As F'x has indicated, the sum of atomic orbitals $\phi_k$ (AO) that form the molecular orbital $\psi_j$ (MO) $$ \psi_j = \sum_k c_{jk} \phi_k $$ is just a solution (an approximate solution) to a self-consistent variational procedure to solve the time-independent Schrödinger equation, obtained after choosing a particularly well suited basis to represent the solution. They approximately solve this equation: $${\sf F}\psi_j = \epsilon_j \psi_j$$ where ${\sf F}$ is the Fock operator or if you wish, an effective one-electron energy operator and $\epsilon_j$ is an effective "one-electron" energy that gives a good approximation to the ionization potential from that orbital.

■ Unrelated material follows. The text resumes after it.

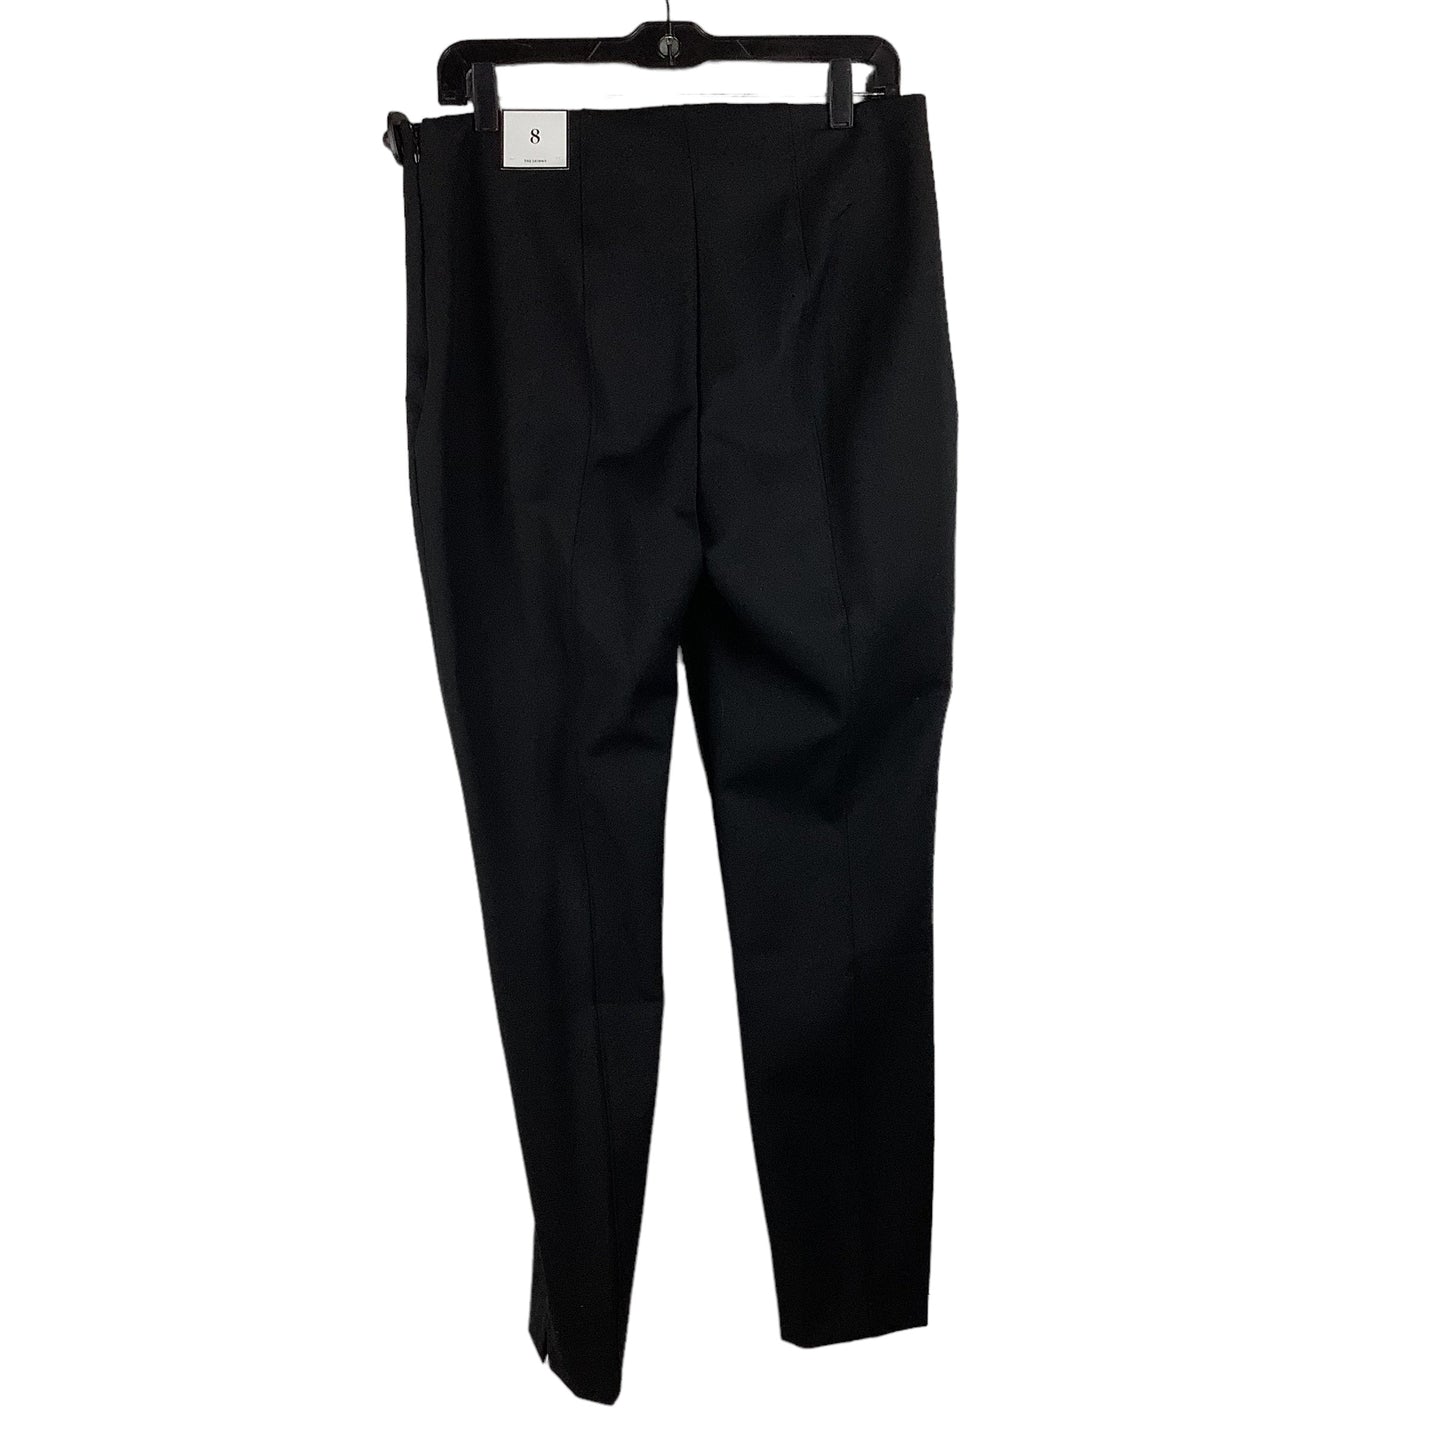 Black Pants Dress Clothes Mentor, Size 8

Then you have to construct your overall n-electron wave function $\Psi({\bf x}_1,\ldots,{\bf x}_n)$, which in the simplest case (the one that follows from the minimal molecular orbital theory) is a Slater determinant. You can notice that for this wave function the coefficients $c_{jk}$ are not unique. Following the general properties of determinants, by a similarity transformation of the basis you can get a new set of coefficients $c'_{jk}$ that will not solve the Fock equation, but after which you obtain the same overall electronic wave function.

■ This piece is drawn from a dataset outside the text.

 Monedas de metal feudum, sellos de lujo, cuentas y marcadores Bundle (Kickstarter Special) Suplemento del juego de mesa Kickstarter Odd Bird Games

In everything that I have said so far, there are no time-dependent phases: we only have one "real" (observable) energy, an eigenvalue of the time-independent Schrödinger equations for the electronic Hamiltonian $$ {\sf H}_{elec} \Psi({\bf x}_1,\ldots,{\bf x}_n) = E \Psi({\bf x}_1,\ldots,{\bf x}_n)$$ for a fixed geometry. Now is where you can put the time-dependent Schrödinger equation into work. In principle you could create electronic superposition states combining $\Psi({\bf x}_1,\ldots,{\bf x}_n)$ of different energy. These are the ones that would evolve in a manner similar to what you have assumed, with time-dependent evolving phases.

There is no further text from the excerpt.